Born in Moscow to the family of Boris Grushin, a prominent Soviet sociologist, , she spent most of her childhood in Prague, Czechoslovakia. She was educated at Pushkin Museum of Fine Arts and Moscow State University before receiving a scholarship to Emory University in 1989. She graduated summa cum laude from Emory in 1993. She became a naturalized US citizen in 2002, but retains Russian citizenship. Grushin has worked as an interpreter for Jimmy Carter, as a cocktail waitress in a jazz bar, a translator at the World Bank, a research analyst at a Washington, DC law firm, and, most recently, an editor at Harvard University's Dumbarton Oaks Research Library and Collection.

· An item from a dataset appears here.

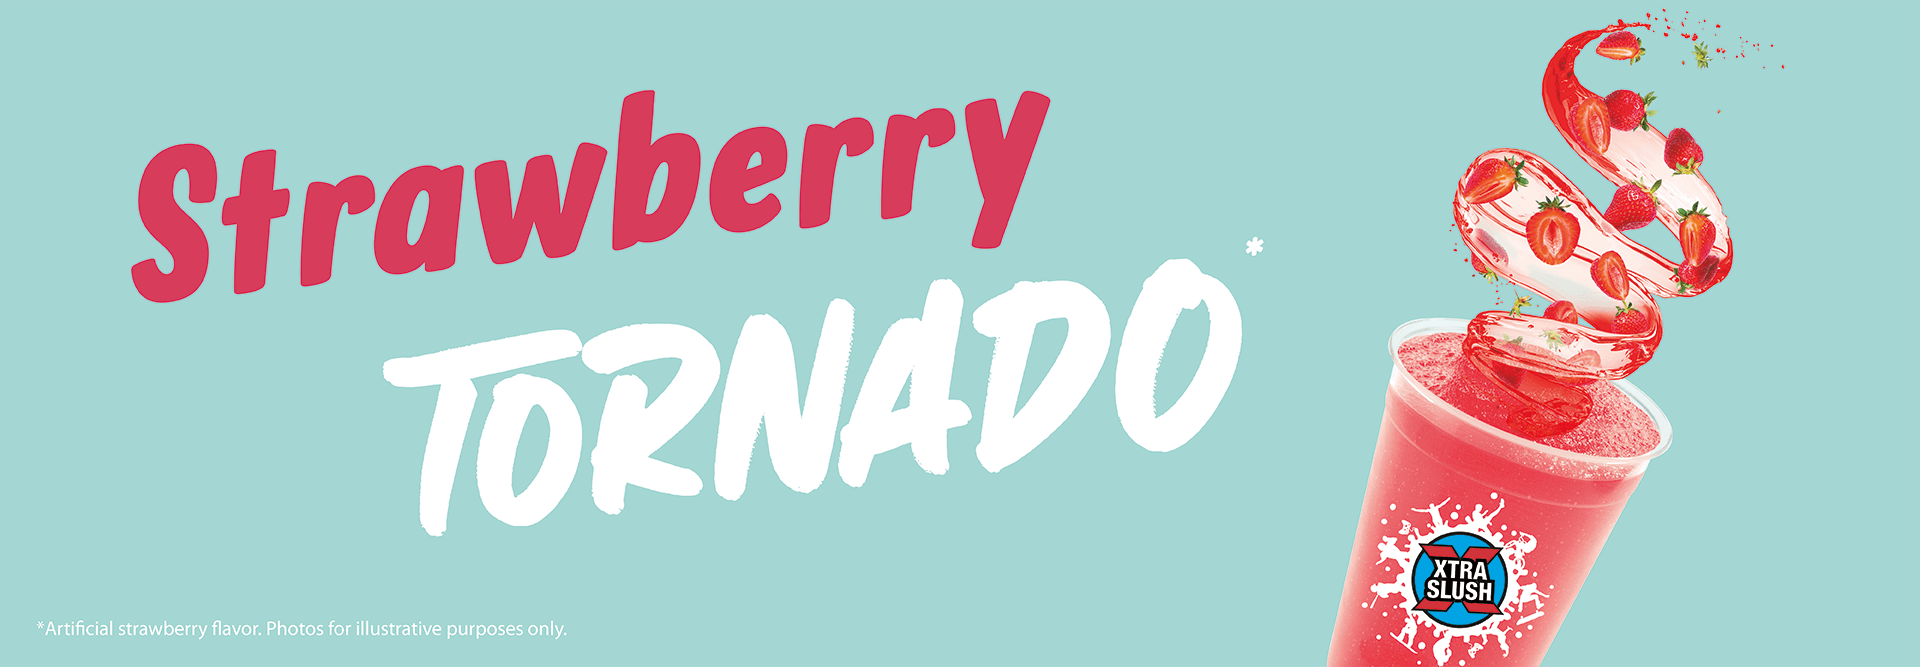 Strawberry Tornado
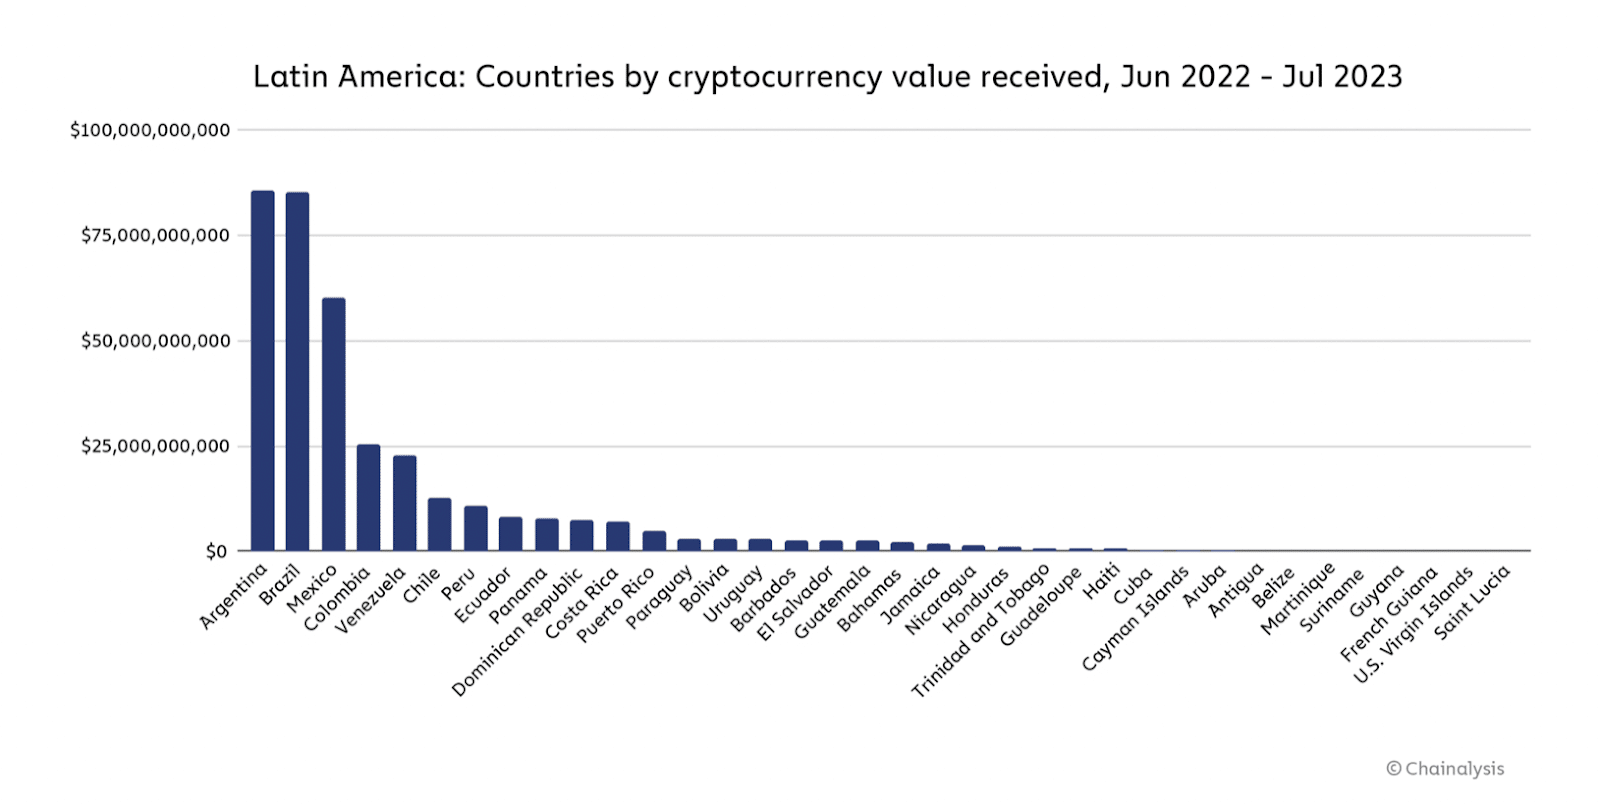 Latin American's contribution to crypto activity

Her first novel, The Dream Life of Sukhanov written in English, was a New York Times Notable Book of 2006, won the 2007 New York Public Library Young Lions Fiction Award, as well as a Top Ten Books of 2006 choice by the Washington Post. It was reviewed by poet Karl Kirchwey in 2006 writing in the Chicago Tribune.[1] The novel is about an artistturnedparty official working for the communist media as an art critic named Sukhanov whose "past catches up with him during the last days of the Soviet Union."[1] Kirchwey wrote:

Seldom has a first novel so perfectly captured a historical moment that seems most real because it resonates with the disaster of an individual life. There is no escape for Sukhanov, and no going back: There is none for any of us. Time sees to that.[1]

Works

  • The Dream Life of Sukhanov, novel (New York: Putnam's Sons, 2006) ISBN 0-399-15298-9
  • The Line (published in the United Kingdom as The Concert Ticket), novel (New York: Putnam's Sons, 2010) ISBN 978-0-399-15616-8

Sources

  • Contemporary Authors Online. The Gale Group, 2006. PEN (Permanent Entry Number): 0000165313.

References

  1. 1.0 1.1 1.2 Karl Kirchwey (August 3, 2006). "'Sukhanov' a brilliant novel about price of compromise". Chicago Tribune. Retrieved 2010-10-15. "Olga Grushin's brilliant first novel, "The Dream Life of Sukhanov" (Putnam, 368 pages, $24.95), considers the case of 56-year-old Anatoly Pavlovich Sukhanov, whose past catches up with him during the last days of the Soviet Union."